George McMahon, the manager of the janitorial company responsible for cleaning the Creston tower, is a pushover for Bliss two days later.

“Are you really sure you want this?” queries the softly spoken Liverpudlian, eyeing Bliss's bronze skin and sharp jeans. “Only you ain't the usual type.”

“Need the bread,” says Bliss pushing his cockney accent as far as it will go. “I got the trouble and strife on me bleedin' back to get off the dole.”

“Well, sign here, then. Start at six Monday mornin'. Amy's the boss over there. She'll be right chuffed. She's always bendin' me ear about not having anyone to do the liftin'.”

“I can do that all right, guv,” says Bliss, flexing his biceps as he prints the name and social insurance number that Peter Bryan provided for him. “What about uniforms?”

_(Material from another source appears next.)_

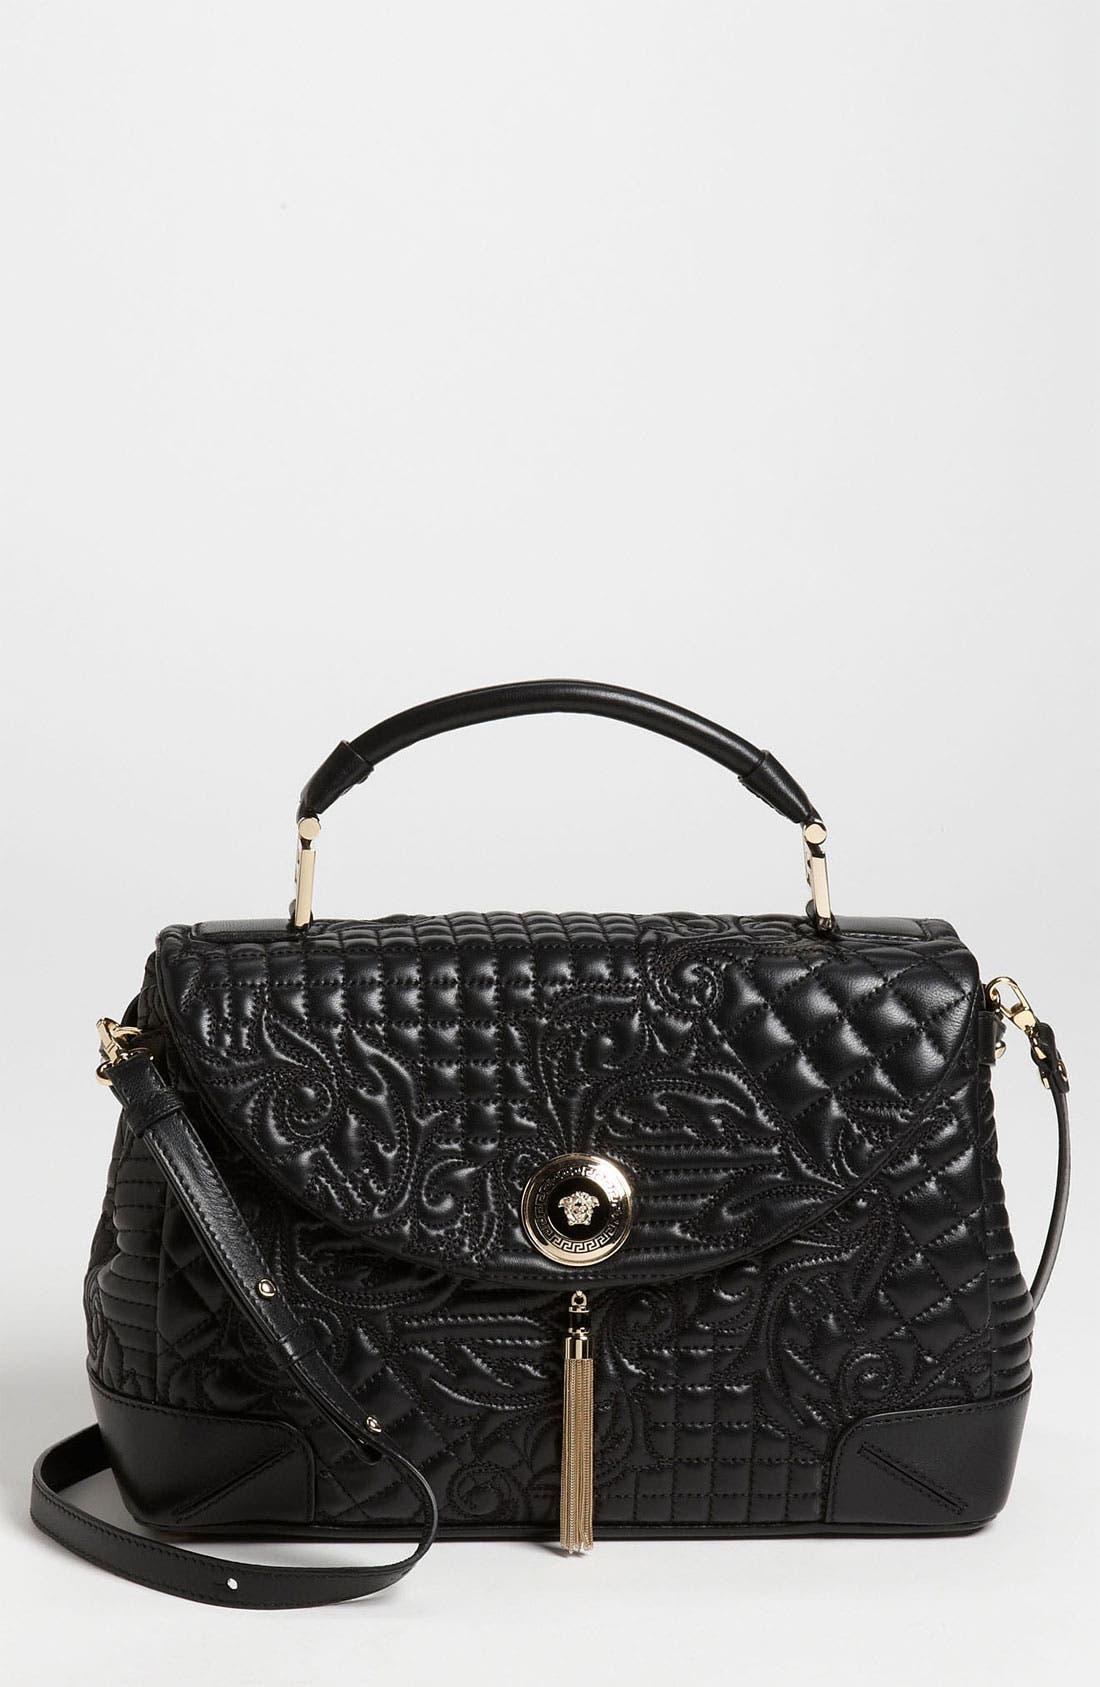 Main Image - Versace 'Vanitas' Embroidered Nappa Lambskin Leather Satchel

“Blue overalls — pick 'em up from Amy. You wash 'em.”

“Right-oh, guv.”

“And make sure you do. Creston gets real foony about things like that.”

“'kay.”

“An' watch yer language. They're a bunch of bleedin' Bible punchers. No fookin' swearing, awl right?”

“Awl right,” agrees Bliss.

“I should have brought my manuscript with me,” grumbles Bliss to himself as he whiles away Sunday afternoon feeding ducks in St. James's Park after watching the guards at Buckingham Palace, and he's tempted to pick up a notebook and carry on. But he knows he'll be wasting his time. He knows that he needs a completely clear mind to focus on his writing. He knows that what he has to write is too crucial to his plot to be picked at between the Tower of London and Westminster Abbey like a backpacker's travelogue.